FIGS. 17-19 show the components of the system in several different positions along the course of a single pullback. FIG. 17 shows the components after 5 cm of pullback have been completed. There are still pronounced folds 115, and a waist 118 is just beginning to appear in the sterile bag 75. In FIG. 18, after 8 cm of pullback, there are fewer folds 115, and the waist 118 is becoming more pronounced. In FIG. 19, after 12 cm of pullback, there are only a few small folds 115 visible in the centerline of the sterile bag 75, and the waist 118 is very pronounced.
This invention is also applicable to other types of IVUS catheters, such as phased array IVUS catheters that do not have a rotating shaft, or rotating IVUS catheters that do not have an inner and outer sheath arrangement.
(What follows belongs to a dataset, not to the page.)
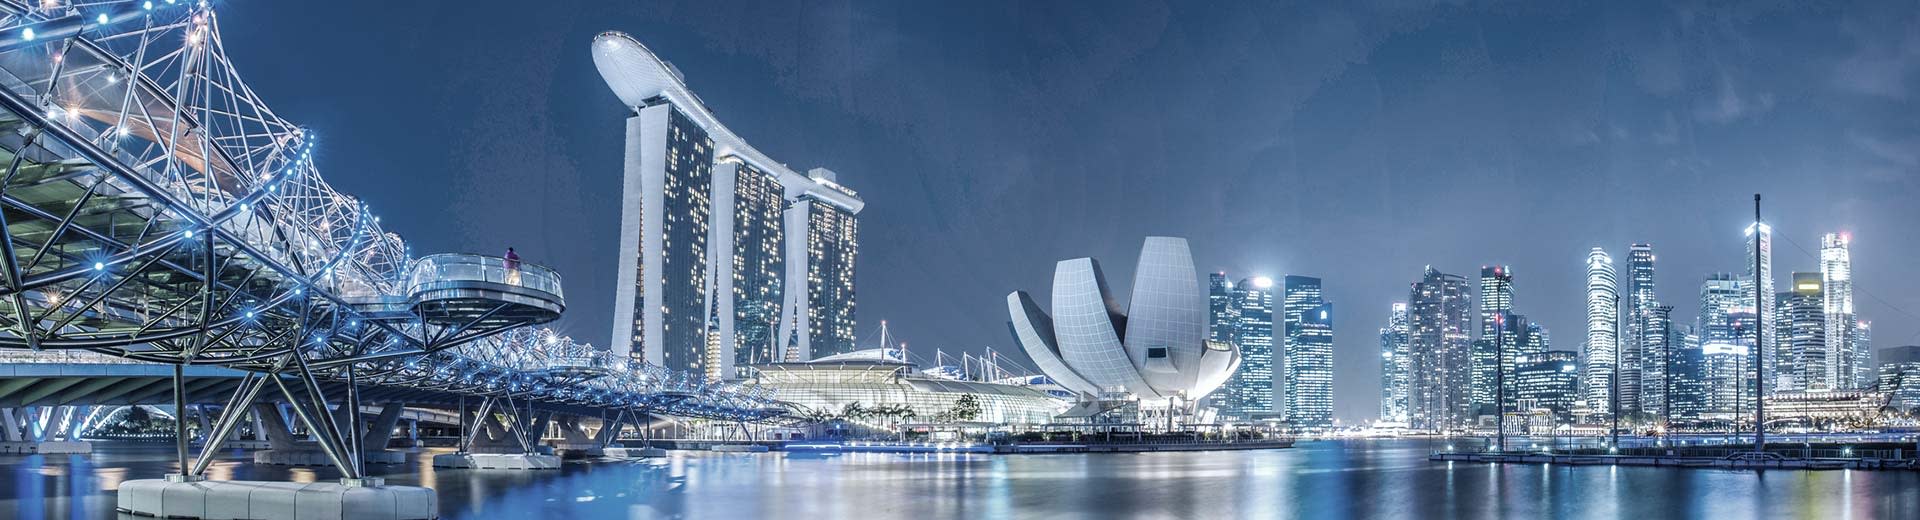 La metrópolis moderna de Singapur por la noche, con enormes rascacielos y puentes que iluminan el cielo.

In these applications, the entire catheter is pulled back in relation to the blood vessel. In this case, the outer sheath clip 25 may instead be used to hold the hemostatic valve or guiding catheter. Alternatively, it may not be used at all.
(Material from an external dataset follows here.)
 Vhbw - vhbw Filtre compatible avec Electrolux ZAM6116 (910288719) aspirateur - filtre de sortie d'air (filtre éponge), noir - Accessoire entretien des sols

In addition to the bag configuration presented in this patent, an alternative bag configuration may contain a longitudinal slit down the center of the bag at the proximal end. This slit allows the pullback device to be lowered into place in the bag, instead of inserted horizontally. The slit may contain an adhesive or zip locking closure, in order to then close around the pullback device and thus maintain sterility. In addition, this alternative embodiment or the original embodiment is constructed of a short bag, in cases where the pullback device does not require a cable (for example, in a device having a battery). In this embodiment, the proximal end of the bag has an envelope-like adhesive seal for securely closing the proximal end of the bag over the proximal end of the pullback device.